Mickaël m'avait en parti convaincu. Je ne m'approuvais pas cette décision. Je n'étais nullement digne d'un tel cadeau. Je n'avais servi à rien durant toutes ces années sauf à créer d'autres problèmes. Malheureusement, Mickaël avait raison. Comment pouvais-je oser accepter un tel cadeau ? Malgré ma sagesse, je ne pouvais l'imaginer. J'avais peur rien qu'à l'idée de devoir tout recommencer. Une nouvelle vie me tendait les bras et je ne voulais pas la saisir. Au fond de mon âme, je me sentais fatigué, incapable d'envisager une nouvelle existence. Le rêve de tellement de gens m'était offert. Je regardais Mickaël. Les mots sortirent de ma bouche sans que je puisse les contrôler.
-Nous n'aurons jamais à la combattre. Elle préférera se faire oublier plutôt que de revivre cette punition.
-Elle est un risque que nous ne devons pas sous-estimer, ajouta Mickaël.

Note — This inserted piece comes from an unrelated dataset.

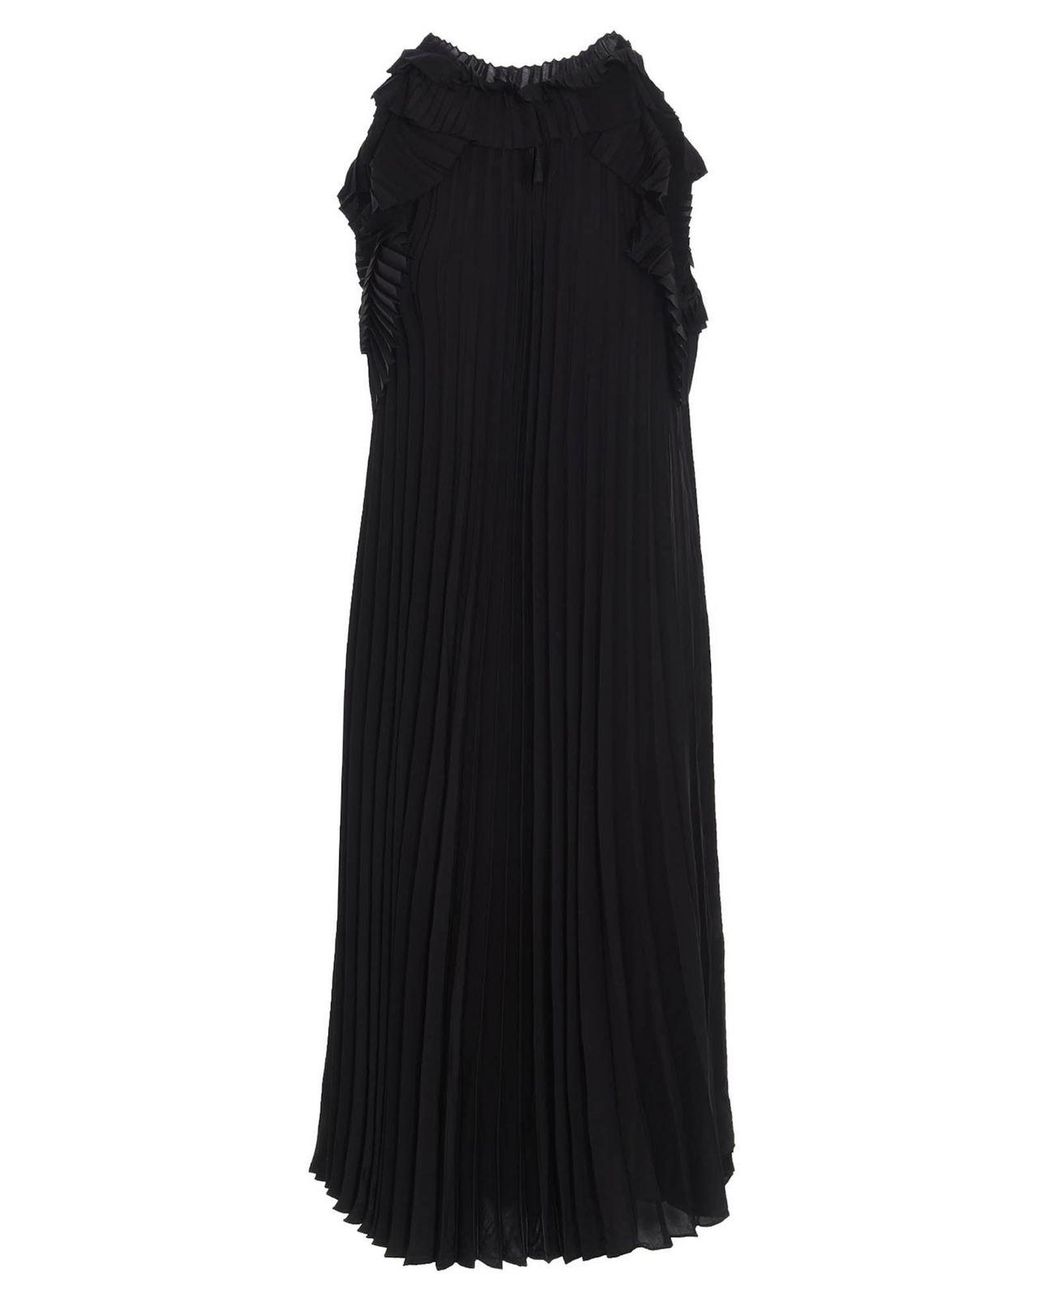 P.A.R.O.S.H. Ruffled Dress In Black - Lyst

Encore une fois, il avait raison. Pourtant je connaissais Mael et je savais que jamais elle ne se risquerait de les défier une nouvelle fois. Je finis pourtant par accepter sa proposition. Mickaël voulut lui-même réaliser ma transformation. Il posa simplement les mains sur mon torse. Une chaleur m'envahit. Ma douleur à la hanche disparut. Mes mains déformées par l'arthrose retrouvèrent un aspect normal, puis toutes mes petites douleurs se transformèrent en souvenirs. Quand il eut fini, il s'effondra. Je le rattrapais et le soulevais aussi facilement que lorsque j'avais vingt ans. Il me murmura à l'oreille.
-Ne gâche pas ce cadeau mon ami. Je risque mes ailes en pariant sur toi.
J'avais de nouveau mes 19 ans mais avec l’expérience d'un vieillard de 83 ans. J'avais plus qu'un cadeau. Je repris une vie normale, des études, réalisais de vieux rêves. Ma route ne croisa ni ange ou tout autre créature de l’invisible. Douze ans plus tard, ce monde qui s'était détourné brutalement de moi, frappa à ma porte un mardi matin.